The paper reacts to the following themes of the symposium:
Marxist methodology and the dialectics of nature, society and thought
Ilyenkov’s contribution to contemporary theories of cognition, knowledge and representation
Soviet ‘Hegelianism’ and/or ‘Spinozism’.
A common trope in the scholarship on the history of late Soviet philosophy distinguishes between official dogmatic “Soviet philosophy” of the party cadres on the one hand, and unofficial creative “philosophy of the Soviet period” on the other. Evald Ilyenkov’s work, which offers a radical criticism of the Soviet doctrine of dialectical materialism, is often considered as representative of the latter current.
While this reading is substantiated by actual historical conflicts between different Soviet philosophers of the time, such a binary opposition serves a constructed memory and by disregarding the connections between “dogmatic” and “creative” authors, distorts the multidimensional history of late Soviet philosophy.

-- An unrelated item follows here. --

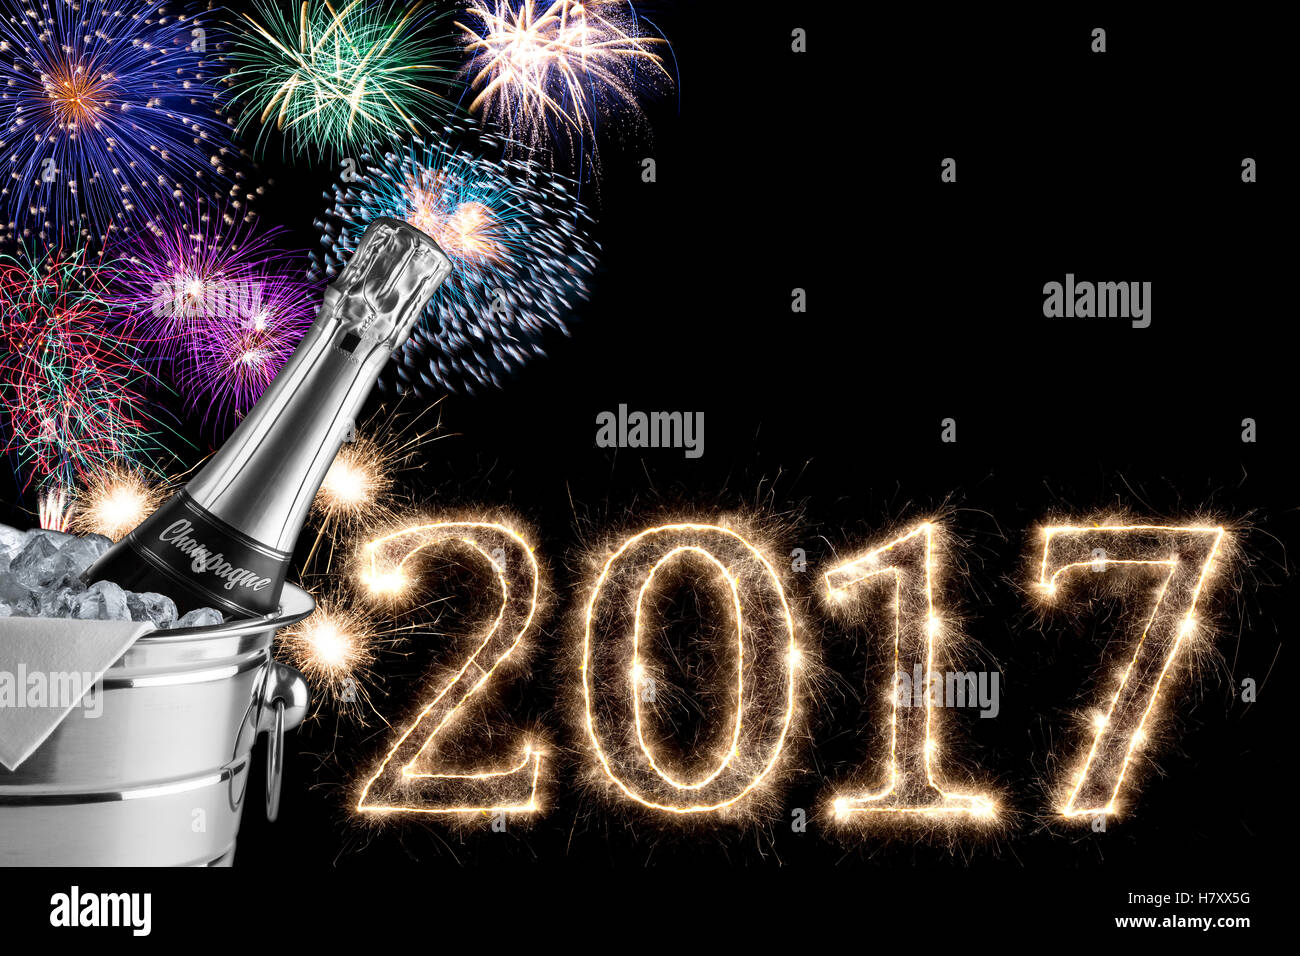 2017 colorful fireworks champagne bottle and cooler in the dark night sky with sparkling glowing number font lettering Stock Photo

In our presentation, we will try to recover some of that history by considering Ilyenkov’s relation to Soviet philosophical culture (Van der Zweerde, 2000) through a double optic: an externalist approach, which uses sociology of knowledge to shed light on the various administrative mechanisms of the regulation of knowledge production (Bikbov, 2014) and an internalist one (Lewis, 2019), which privileges theoretical arguments over biographical information. This method will allow for an understanding of the intersections between the author’s historical position and his thought, which is particularly useful for the study of Soviet philosophical culture.
The first part will discuss the new tasks that the party nomenklatura set for philosophers after the death of Stalin and try to describe Ilyenkov’s position in relation to them. It will be argued that while Ilyenkov recognizes – not without giving his own definition – some aspects of the party’s new conceptual apparatus (like the notion of personality), he wages a theoretical struggle against other aspects of the same apparatus (as with his criticism of “neo-positivism”).
The second, internalist part will focus on the notion of ontologism as a defining trait of Soviet Marxism (Oittinen, 2009) and argue that while Ilyenkov reproduces the ontologizing tendency in his theory of cognition, the synthesis of ontology, epistemology and ethics that results from his reading of Hegel and Spinoza offers an open perspective that goes beyond the Soviet doctrine of diamat and the technocratic ideal of the Soviet State.
Giorgi Kobakhidze is a lecturer in political and moral philosophy at the university of Toulouse Jean Jaurès (France). He is currently working on a doctoral thesis titled “Épistémologie clandestine : le problème de la dialectique dans l’œuvre d’Evald Ilyenkov” at the university of Toulouse Jean Jaurès and the Ca’Foscari university in Venice (Italy). He obtained his master’s degree in philosophy from the University of Toulouse Jena Jaurès and the university of Coimbra (Portugal) with the work titled: “Les hérétiques dans le marxisme : la Logique du Capital dans les lectures d’Evald Ilyenkov et Louis Althusser” and a bachelor’s degree in philosophy from Ilia State University (Georgia). He is also engaged in translation projects of Evald Ilyenkov’s works into French. His interests include the history of Marxist thought, the philosophy of the Soviet period and the history of workers movements.